Three Illinois men were federally indicted Thursday for hate crime and civil rights violations in connection to the explosion at Dar al-Farooq Islamic Center in Bloomington, Minn. last August.

Michael Hari, 47, Michael McWhorter, 29, and Joe Morris, 23, are all charged with intentionally damaging religious property, intentionally obstructing by force the free exercise of religious beliefs, conspiracy and using a destructive device. Hari is also charged with an additional count of possession of an unregistered destructive device. Hari, McWhorter and Morris were all previously charged with arson.

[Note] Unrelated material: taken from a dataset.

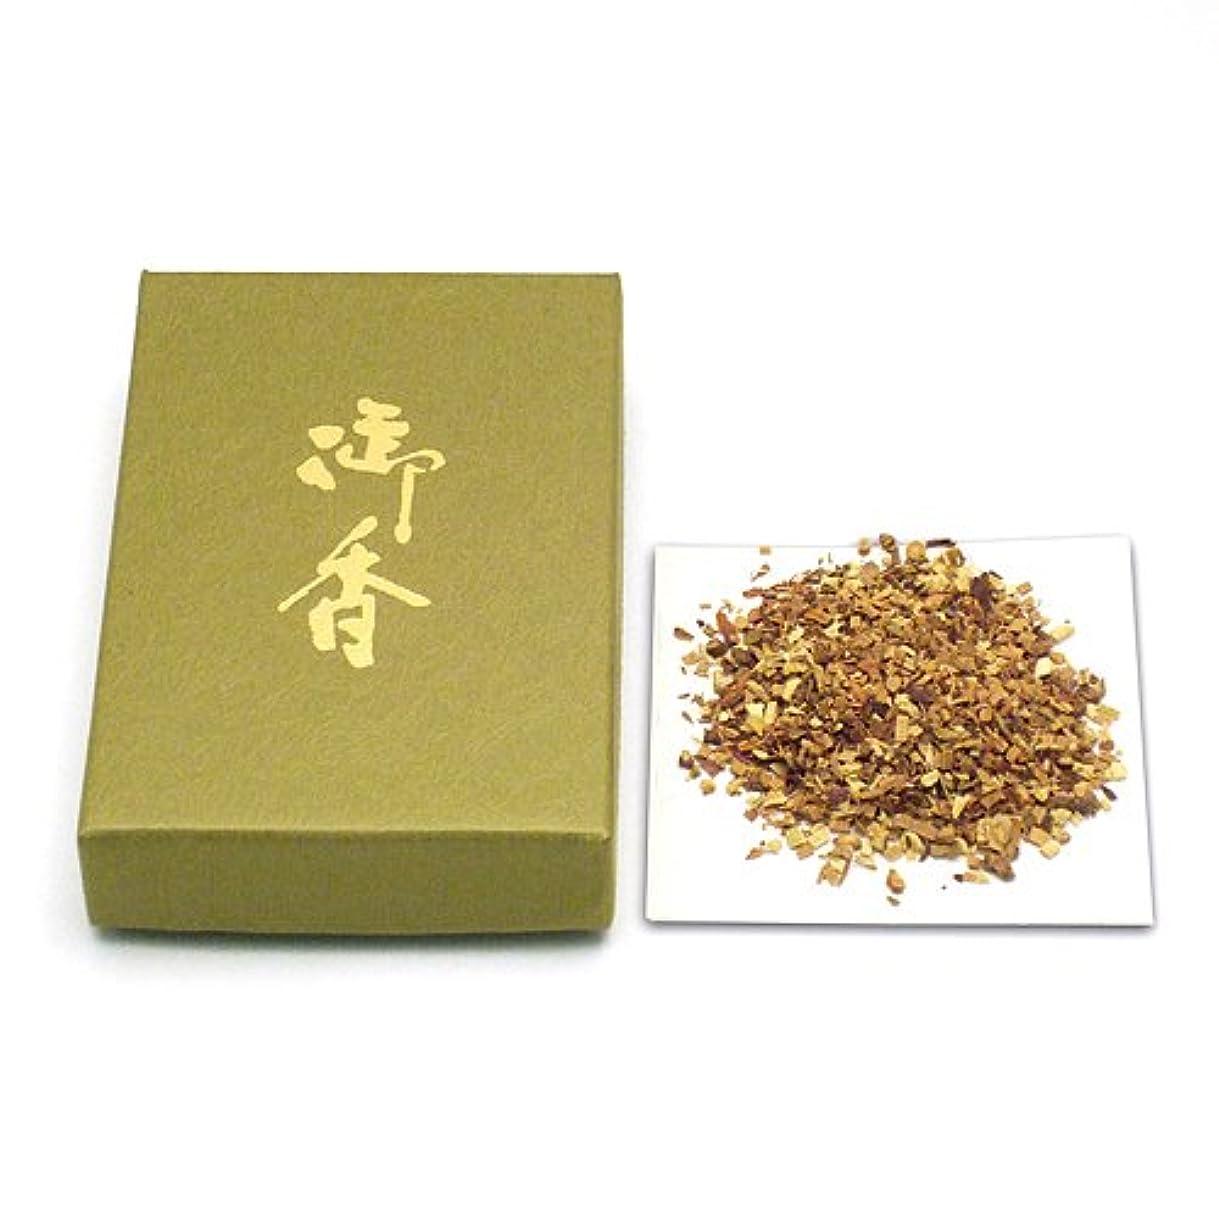 桃タウポ湖寓話焼香用御香 超徳印 25g◆お焼香用の御香
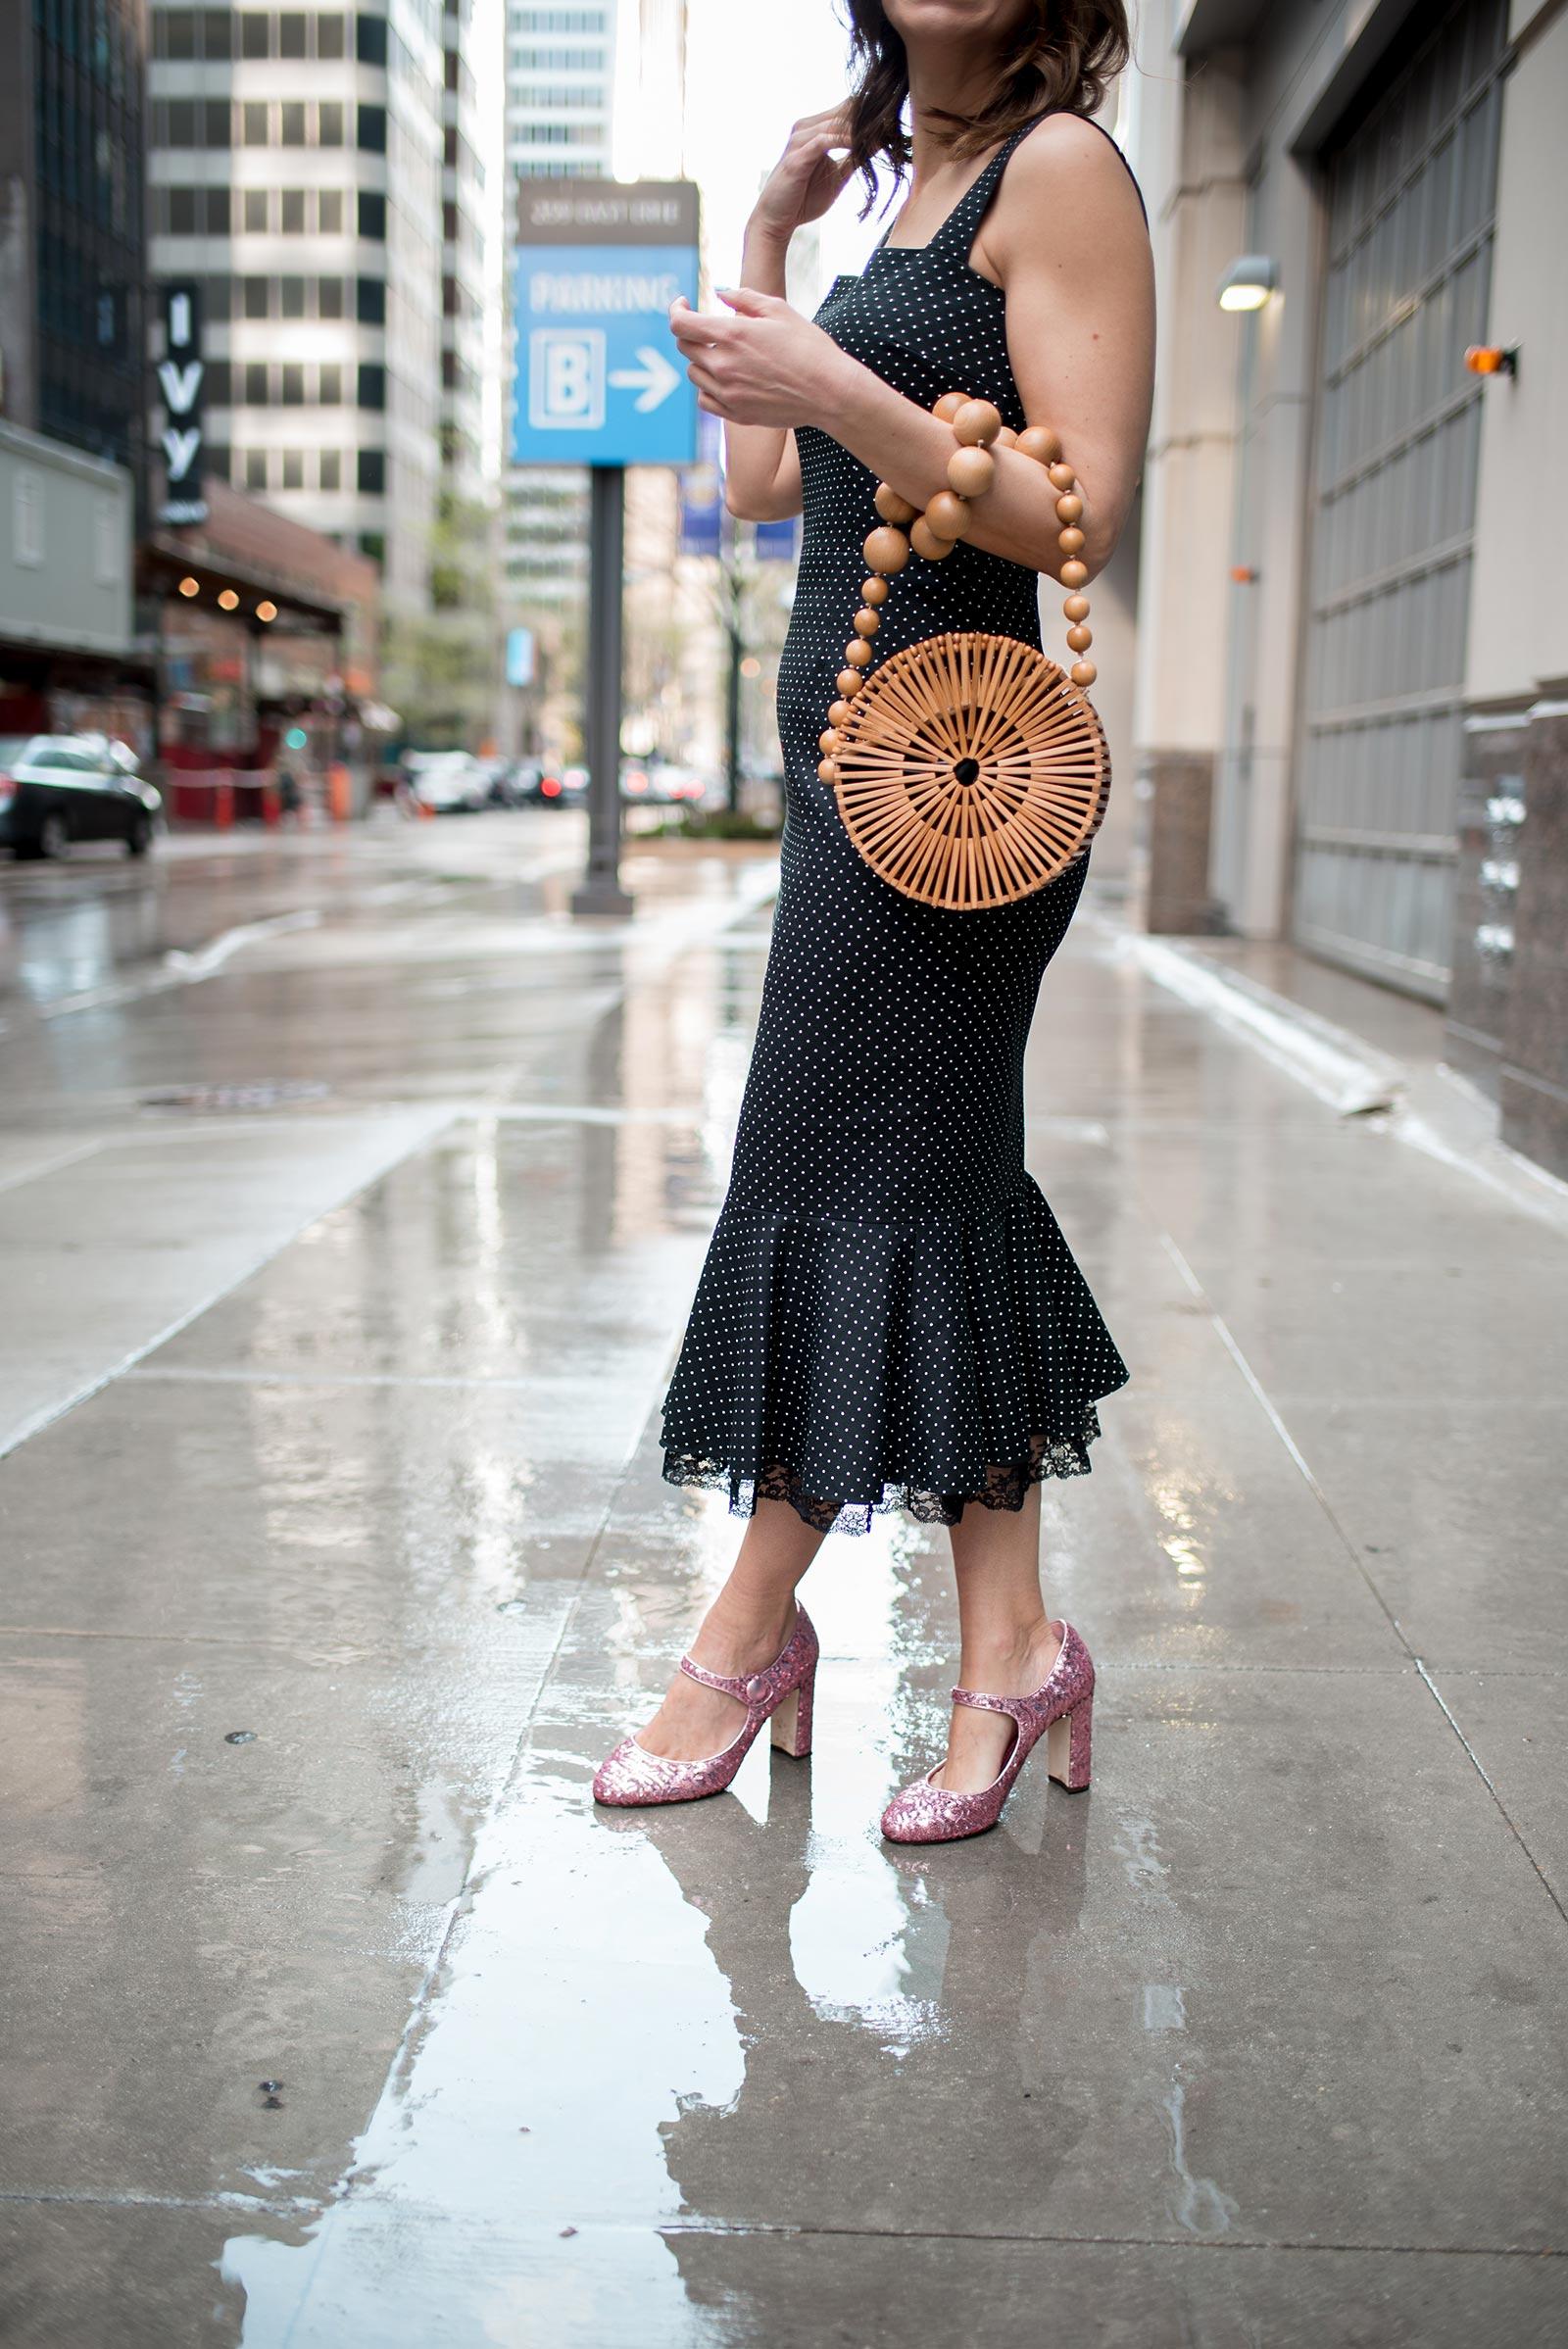 Anna Roufos Sosa of Noir Friday wearing a Dolce & Gabbana polka dot dress and a Cult Gaia bag.

According to the indictment, the three men drove a rented pickup truck from Champaign-Urbana, Ill. to Bloomington. On Aug. 5, Morris broke a window at the Dar al-Farooq with a hammer and tossed in a plastic container filled with a mix of diesel fuel and gasoline. McWhorter lit the fuse to a pipe bomb, which Hari made, and threw it in the window. The IED went off just before morning prayers. No one was injured, but the explosion caused damage to the building.

According to a previous criminal complaint, the men chose to set off the explosive at Dar al-Farooq to "scare [Muslims] out of the country" and "show them hey, you're not welcome here, get the [expletive] out."

The three men are already in custody in Urbana on different charges.